Nation building is as much about human resources and social infrastructure as it is about security. When those who argue that they are there to liberate become an occupying force, the contradiction is not lost on the population. In fact, over a decade ago, the Centre for Complex Operations noted that as a result, the mission ‘doomed to fail’ and recommended the military resume its historic focus on preparing for war.

What we do next counts

There is no doubt that Afghanistan has damaged the US and its allies including Australia. With the increasing dominance of China, the US as the most powerful nation in the world looks to be in retreat. This retreat, however, has broader consequences and can be interpreted as democracy itself taking flight.

Writing for the Australian Financial Review, Misha Zelinsky argues that leaders of democracies must remind their citizens that they exist for them: ensuring they share the fruits of liberty, hard fought rights and economic gains. In other words, there is no point in promoting democracy abroad if it fails to deliver on its promise domestically. For Zelinsky, this has never been more important particularly during the global pandemic where many feel left behind and forgotten.

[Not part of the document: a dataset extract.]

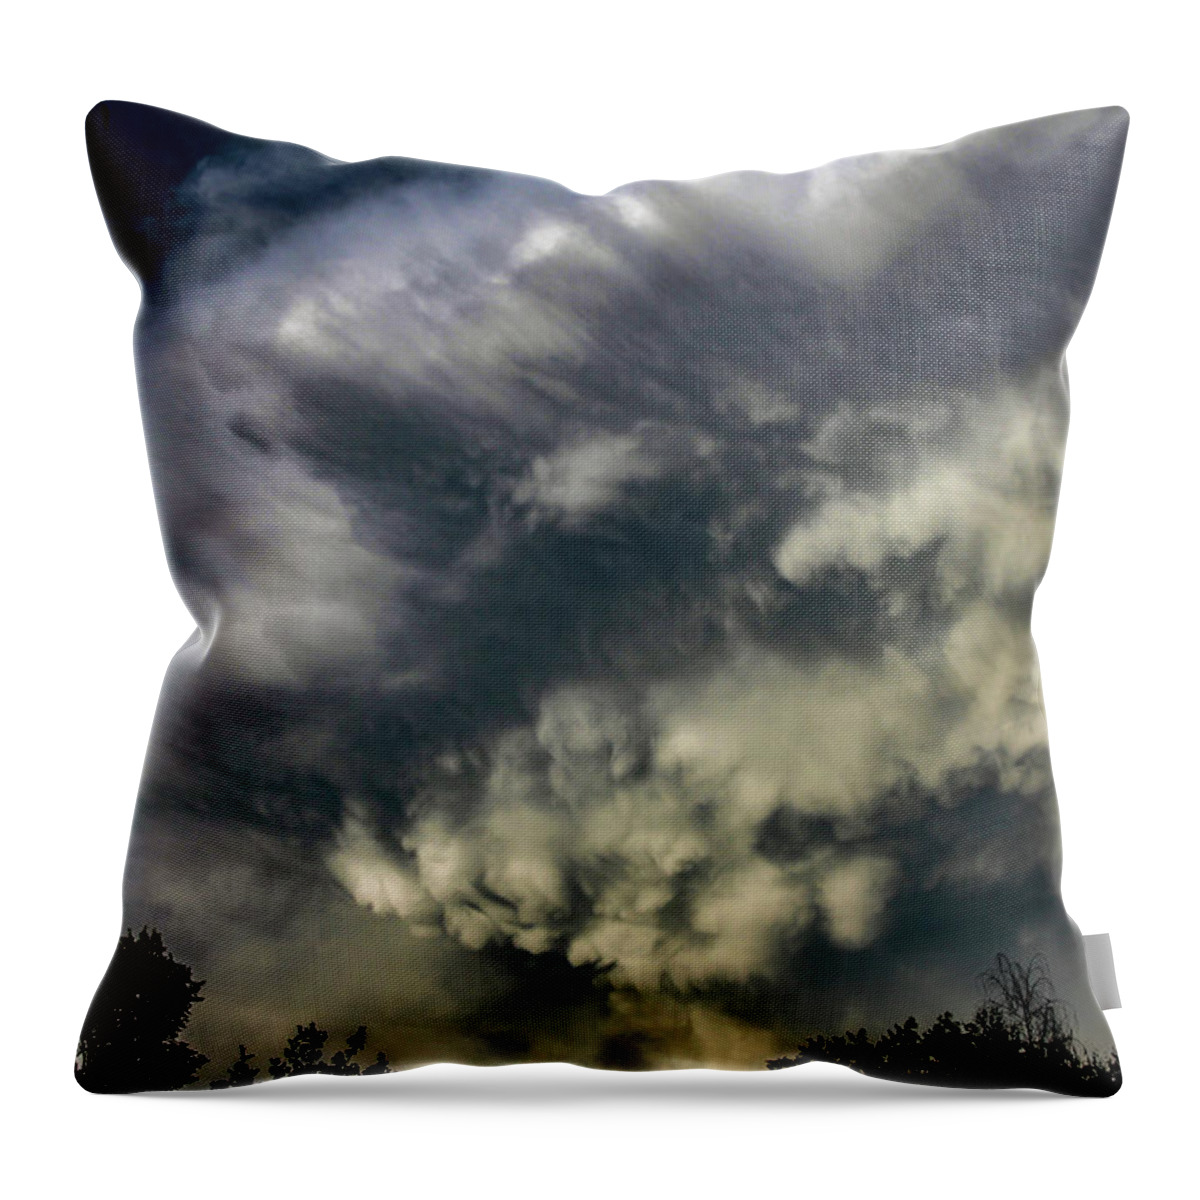 Nebraskasc Throw Pillow featuring the photograph Late Afternoon Nebraska Thunderstorms 077 by Dale Kaminski

It is also correct for our government, political leaders, media commentators and fellow citizens to raise concerns about the Taliban’s the treatment of women, those who supported the US and its allies as well as minority groups. These concerns and criticisms sound hollow unless we are also ready to show empathy and compassion through our refugee and humanitarian program.

Afghanistan presents all of us with moral, strategic and policy challenges on an international, national, and personal level. The level of the tragedy cannot be over-stated.

The far bigger tragedy will be if the world’s leaders – both current and future – learn nothing from it.